It seems that parenting these days is tougher than ever before. But is it really? Or are we, parents, just making it that way?
Those questions came about after speaking with another mom at a baseball game. Our boys are on the same team. As the mom was ruminating over the fact of having to make three separate dinners for her three boys, I reflected back to when I had all five of my kids under one roof.
As a single mom, never once did I consider making individually prepared meals. My kids ate what I gave them…no questions asked. Who did I learn that practice from? My own mother. She, herself, had four children to raise. She didn’t have time to be a short-order cook and wasn’t shy in saying so. I regularly heard, “What do you think I am? A short-order cook?” I got the message and appropriate lesson to boot. I know I’m not the only one.
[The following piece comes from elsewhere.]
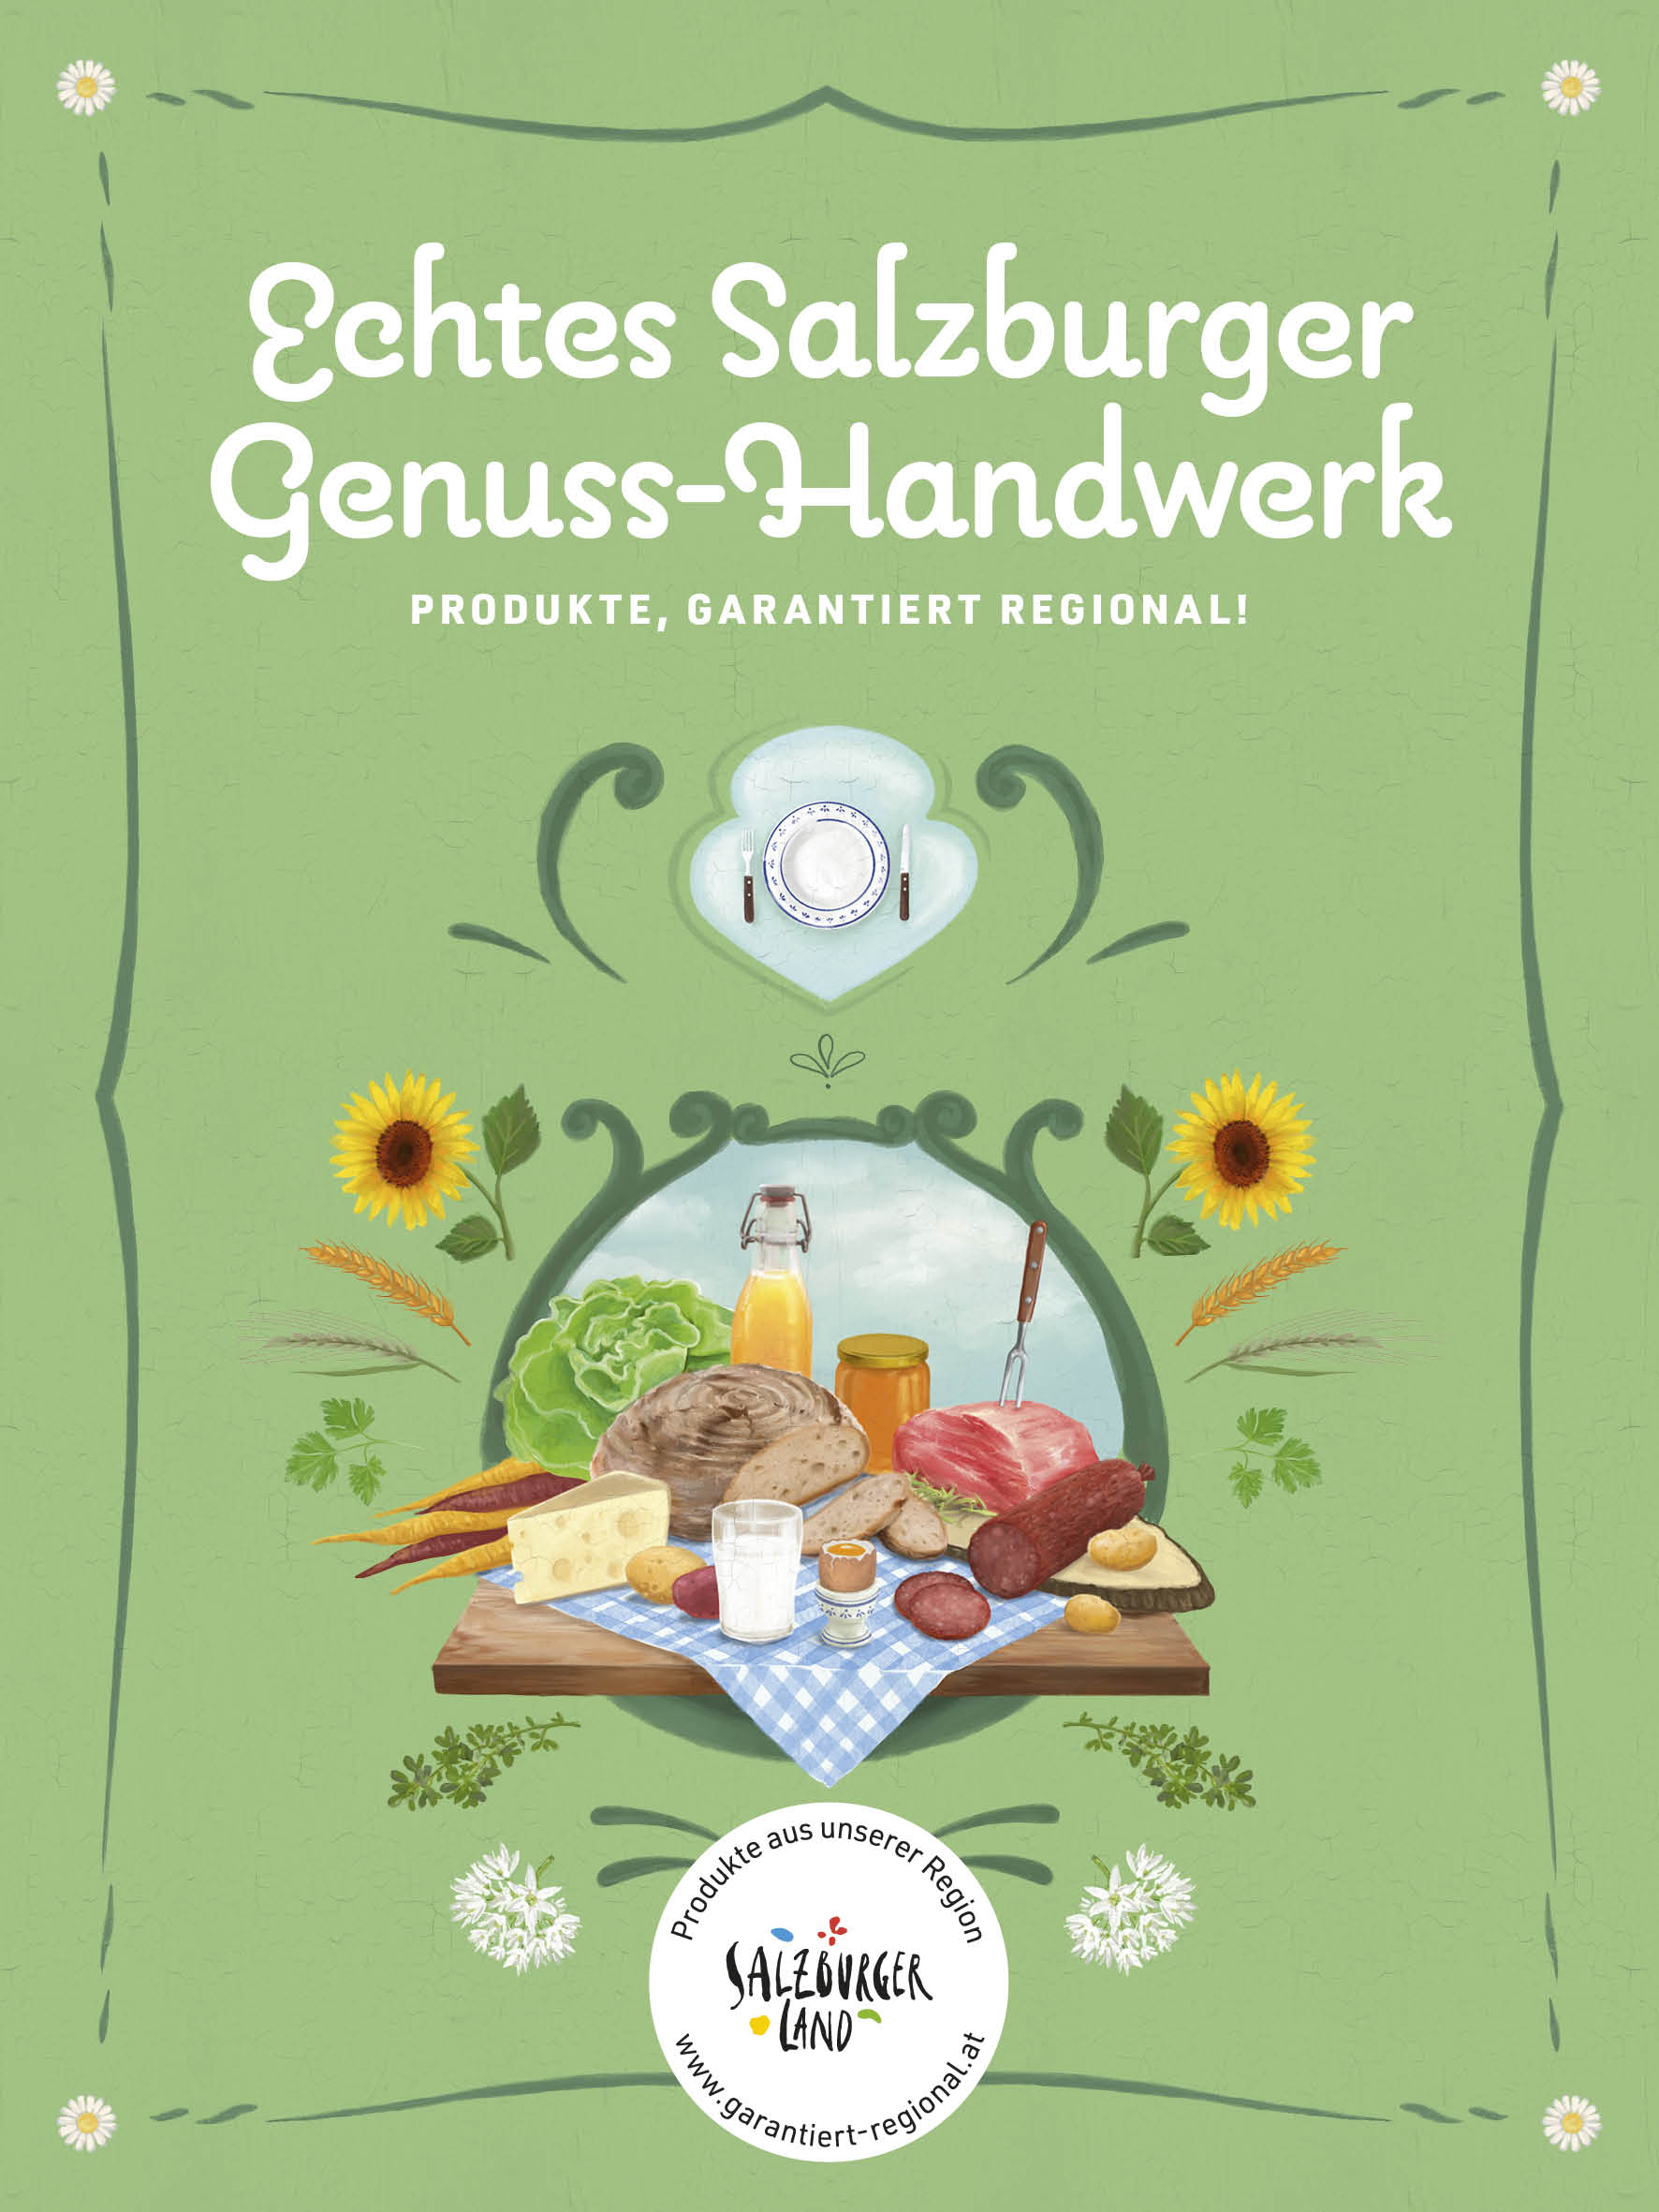 Salzmanufaktur Salitri - Eva und Helmut Brudl bei Salzburg schmeckt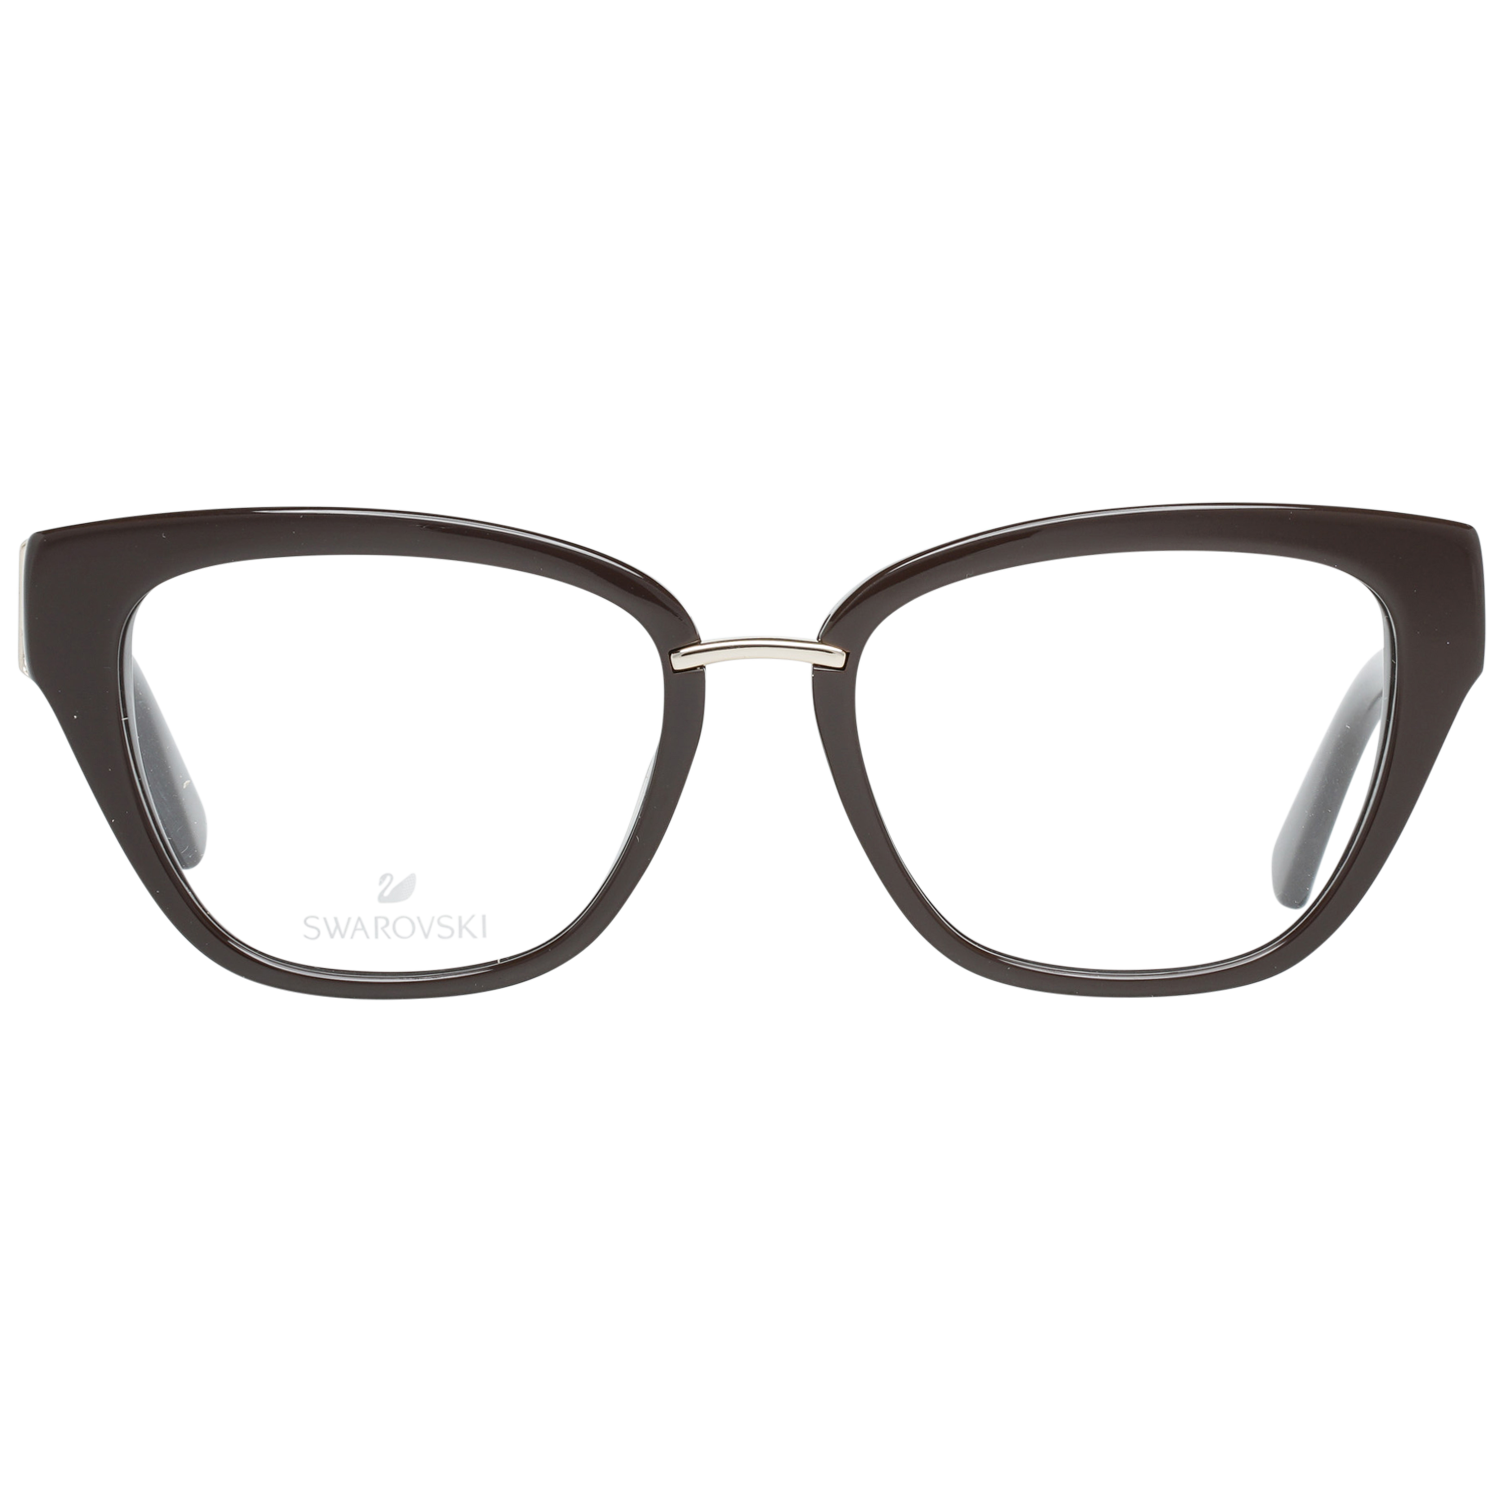 Swarovski Frames Swarovski Women Glasses Optical Frame SK5251 052 50 Eyeglasses Eyewear UK USA Australia

That’s how it was back then, and I can’t help but contemplate the value of our parents’ madness. I think today’s parents could benefit from adopting a number of phrases our parents used to toss around without a second thought. Sometimes, old ways are the better ways. Establishing more stringent limits is a means of love while maintaining sanity. Below are a few tidbits our parents used to say. You might want to reintroduce them into your own families’ lives:
1. “I’m not your best friend. I’m your mother.” – My mother never set out to become my best friend. She already had one, my father. She wasn’t about to trade the respect she believed she deserved from me to become buddy-buddy. Even today, she still isn’t my best friend. But I love her to death and chat with her every week;
2. “You don’t get paid to do family work.” – That comment usually followed me asking for an allowance. It was interchangeable with “Money doesn’t grow on trees.” My mother taught me team work, the value of a dollar, and going ‘above and beyond’ the call of duty through the use of this phrase;
3. “I went to school already.” – And she was right. She did. My mom wasn’t about to do my homework for me. She taught me resourcefulness, communication, and how to handle my own problems as a result;
4. “Go play in your room (or outside).” – My mother made it clear that she was not my entertainment squad. She, guiltlessly, taught me to be comfortable being alone as well as how to entertain myself;
5. “I don’t have to explain. I’m your mother.” – Not only did this statement clearly establish the chain of command but it also provided an enormous amount of security and eliminated negotiation of any sort. My mother would have never negotiated with me to exhaustion like so many parents do with their kids today;
6. “There’s the door.” – My mother never felt the need to seek my approval. Nor did she shy away from disciplining me. She taught me gratitude as well. I promise you, every time I packed my Barbie suitcase and ran away, I came back more appreciative of my warm bed than ever before;
7. “Just think.” – I usually heard this suggestion when I could not fall asleep at night because I was wound up. My mother taught me how to manage myself in these instances and many others. Spending time in the dark thinking never goes to waste;
8. “Who said you had to be happy all the time?” – My mother instilled in me realistic expectations when it came to being human as well as showed me the value and place for all emotions, thoughts, etc. I believe kids really need more of this today;
9. “Did you forget something?” – Whether I failed to say “good-morning” to her as I came down the stairs or hung up the phone without saying “good-bye,” I learned that manners were not optional in my life or society…ever;
10. “Did you kiss your dad good-night?” – Meant, remember what is important and keep that first place. It also signified just how much my parents loved me.
So there you have it, ten phrases to adopt if you so choose. Each one will undoubtedly decrease your parenting stress level and benefit your kids enormously.